Глава 2[4]
Гермиона рассудила, что предки грязнокровки Грейнджер никому не нужны сами по себе. До тех пор, пока она не отличится в войне с Волдемортом, они могут пострадать разве что случайно. С этой точки зрения лучше бы вообще сидеть тихо, только это невыносимо.
- Нечего вам делать на вокзале, - сказала она родителям.
Они возмутились и расстроились. Сказали, она стыдится их, потому что они не волшебники.
- Никто из моих одноклассников уже не ездит на вокзал с родителями, это смешно, - веско ответила она. – На меня и так косо смотрят из-за учебы, а если родители до последнего курса будут провожать меня в школу – вообще позор. Дело вовсе не в вас.
И они поверили. Вот так иногда благословишь тот факт, что всегда вела себя образцово и ни разу в жизни не подорвала доверие родителей.

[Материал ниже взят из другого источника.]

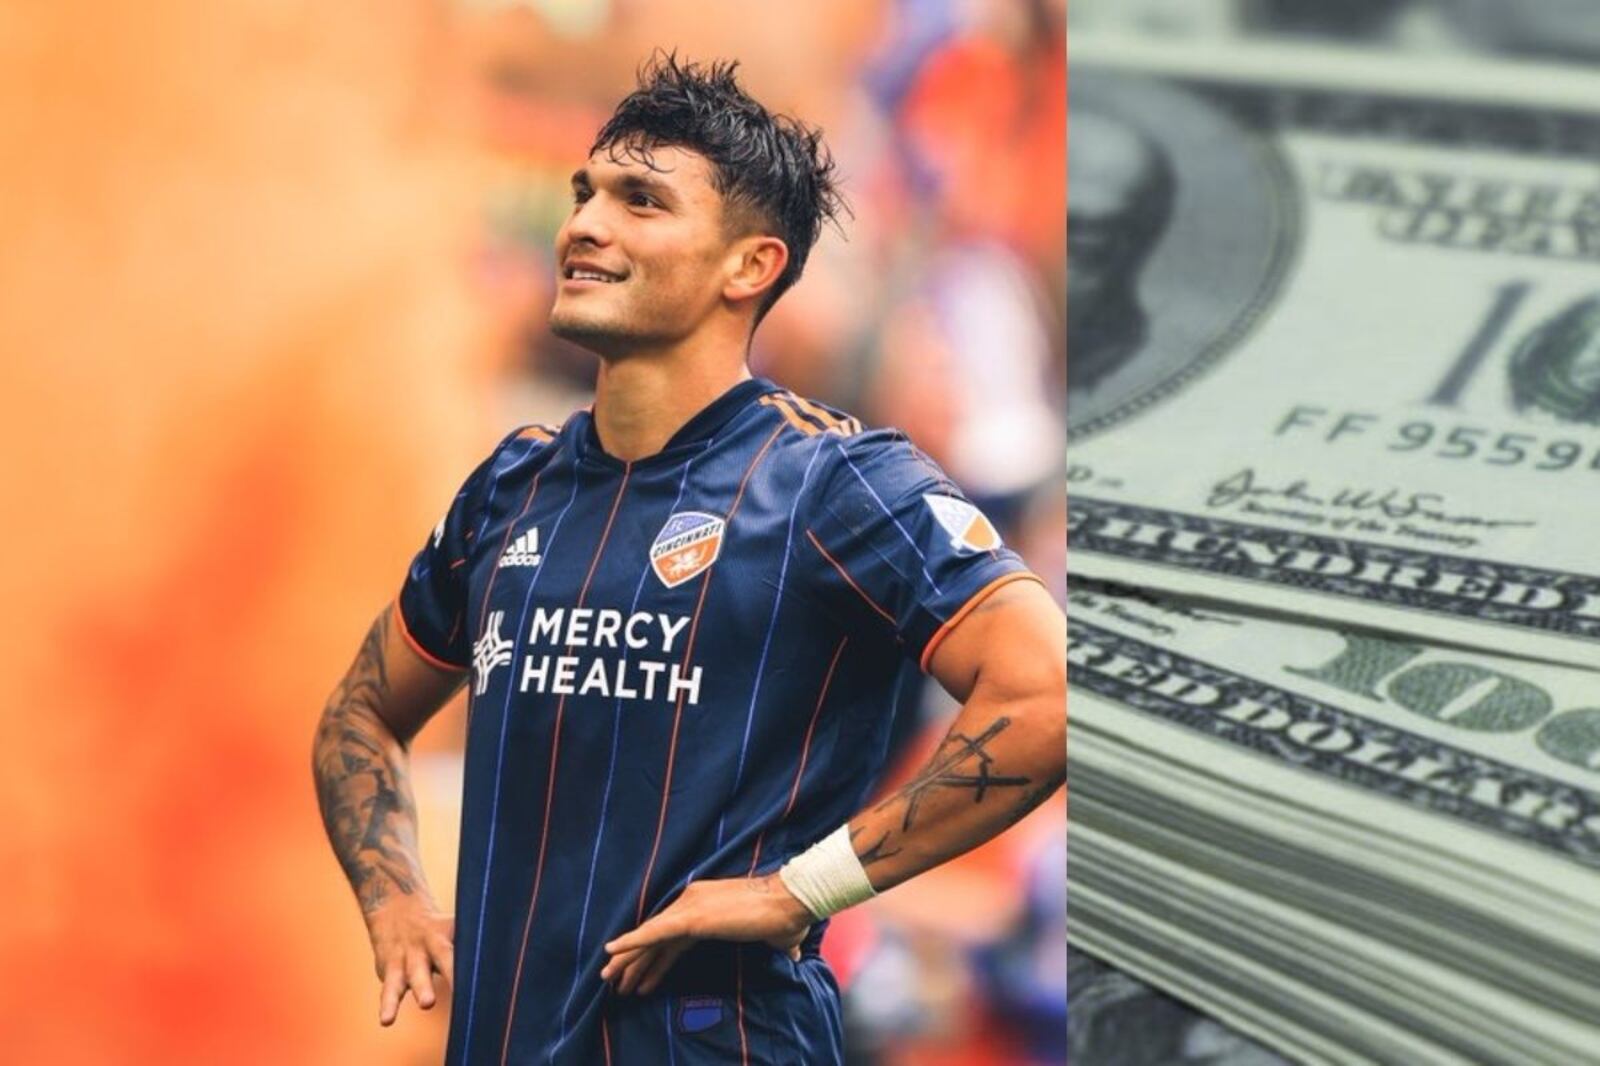 Brandon Vazquez already has a millionaire cost for his great season in MLS

Избавленная от необходимости долгих и многословных прощаний с мамой и папой, она протиснулась к поезду, стараясь поменьше смотреть по сторонам и поменьше слушать. В этом году проводы в школу выглядели как проводы на фронт, черт возьми. Стараясь бодриться, Гермиона ругалась про себя, что добрая половина того, что творилось вокруг – лишнее. Люди склонны преувеличивать.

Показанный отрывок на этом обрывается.